No single proxy is portable across every target. Treat proxy metrics as evidence, not as a universal replacement for the application objective.

Prompt Modes For Proxy Metrics

Mode	Primary metric visible?	Proxy metric use
`default`	Yes	Minimal extra context unless configured.
`full_metrics`	Yes	Adds proxy metrics as supporting evidence.
`full_metrics_signature`	Yes	Adds explicit metric-signature comparison.
`indirect_recent`	No	Uses recent proxy metrics only.
`indirect_all_plain`	No	Uses all proxy history without signature wording.
`indirect_all_signature`	No	Uses all proxy history with signature comparison.

See LLM Prompt Modes for canonical examples.

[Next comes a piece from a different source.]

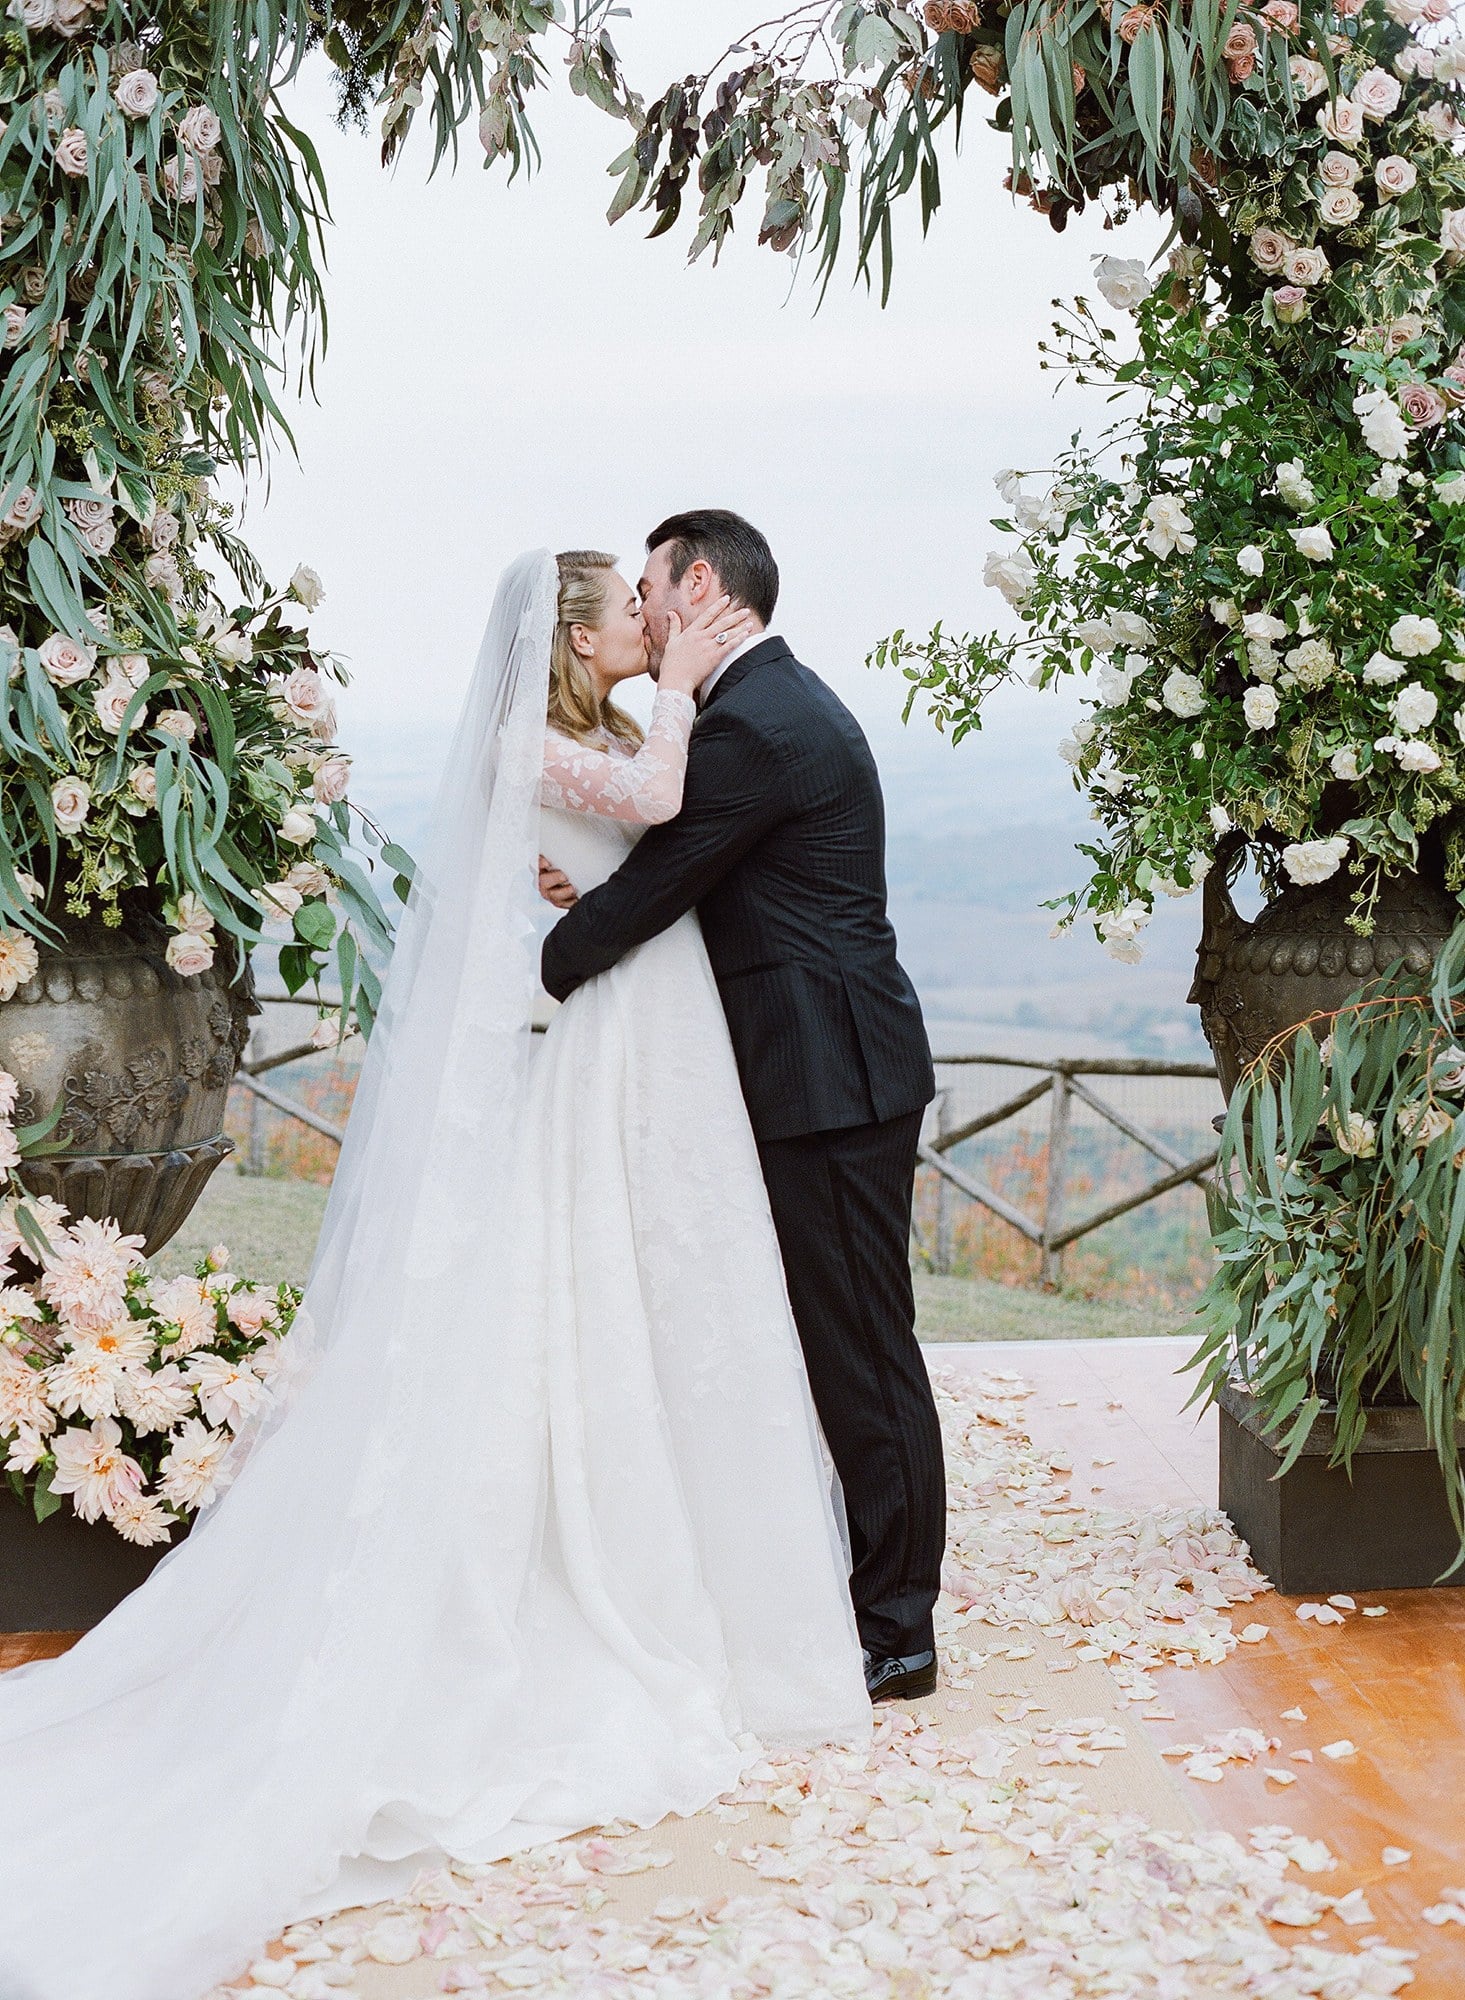 Everything We Know About Kate Upton & Justin Verlander's Wedding

Metric Dictionary For Included Targets

Target	Metric names	Units	Source
`sysbench_cpu`	`throughput`, `goodput`	events/sec	Sysbench interval stream or final summary.
`sysbench_cpu`	`latency_p99`, `latency_p95`, `reported_latency_ms_avg`	ms	Sysbench interval stream.
`sysbench_cpu`	`events_total`, `interval_count`, `total_time_s`	count/sec	Parsed sysbench intervals.
`sysbench_cpu`	`instructions_per_cycle`, `cycles`, `instructions`, `cache_misses`, `branch_miss_rate_pct`	counters/ratios	`perf stat` when available.
`tpcc`	`latency_p99`, `latency_p95`, `latency_avg`	ms	BenchBase summary JSON.
`tpcc`	`throughput`, `goodput`	tx/s	BenchBase summary JSON.
`tpcc`	`measured_requests`, `duration_seconds`	count/sec	BenchBase summary JSON.
both	`power_socket0_watts`, `power_ram_watts`	watts	RAPL/powercap when available.
both	`cstate_poll_pct`, `cstate_c1_pct`, `cstate_c1e_pct`, `cstate_c6_pct`	percent	cpuidle sysfs when available.
both	`cpu_load_cores_pct`, `cpu_load_socket0_pct`	percent	Host sampling in SemaTune.

For LLM runs, the exact metrics shown to the model are visible in <results_dir>/llm_api_logs/. Review those logs before sharing results.